Of course, in general (when $$M$$ it is not toric), $$N_M$$ it can be equal to $$1$$, and one may even have that $$langle c, H_2 (M; mathbb {Z}) = 0$$ (in which case it is often written $$N_M = infty$$). However, since any toric collector has a decomposition in complex cells, it seems that $$N_M$$ it should be at least $$2$$.

Any help would be appreciated. Thanks in advance.

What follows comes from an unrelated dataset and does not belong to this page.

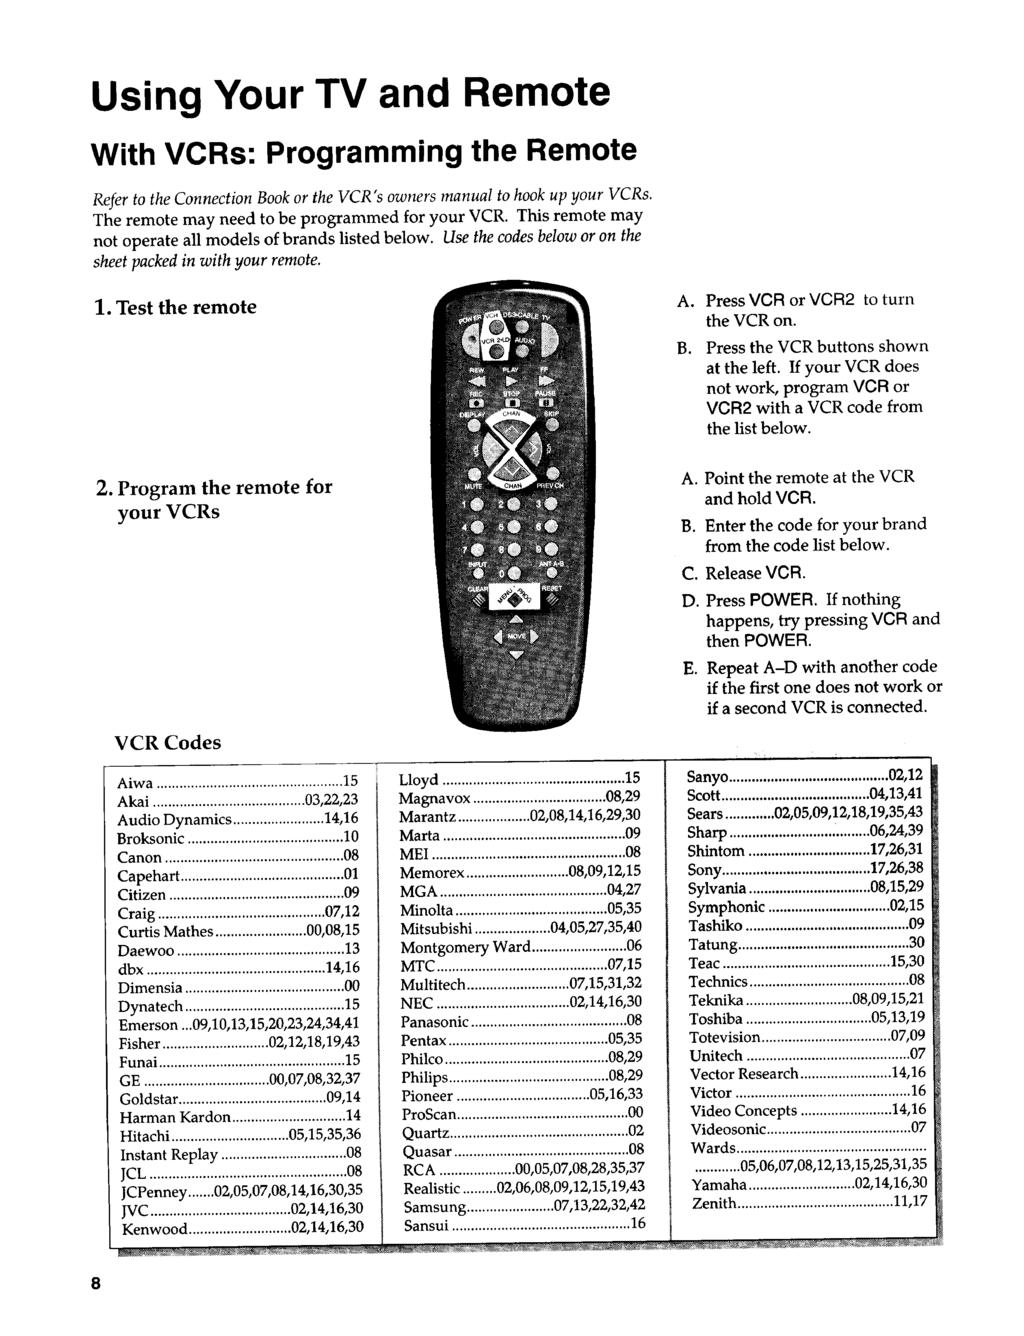 Using Your TV and Remote With VCRs: Programming the Remote Refer to the Connection Book or the VCR's owners manual to hook up your VCRs. The remote may need to be programmed for your VCR.

## Geometría ag.algebraica – Stabilizers of the toric battery

Leave $$mathcal {X}$$ be an O-ring on a field $$k$$. This can be defined by a stacked fan, that is, a pair $$( Sigma, beta)$$, where $$Sigma$$ is a fan in a lattice $$L$$Y $$beta: L to N$$ It is a lattice homomorphism with finite cokernel.

Assume that $$mathcal {X}$$ It's soft and DM. The automorphism groups of points of $$mathcal {X} (k)$$ They are of the form $$mu_n$$, $$n geq 1$$. I would like to know if it is possible to bind. $$n$$ (or cousins ​​that are divided $$n$$) in terms of $$| coker (?) |$$, or in some other way. I'm sure this is a stupid question, but this topic is very new to me.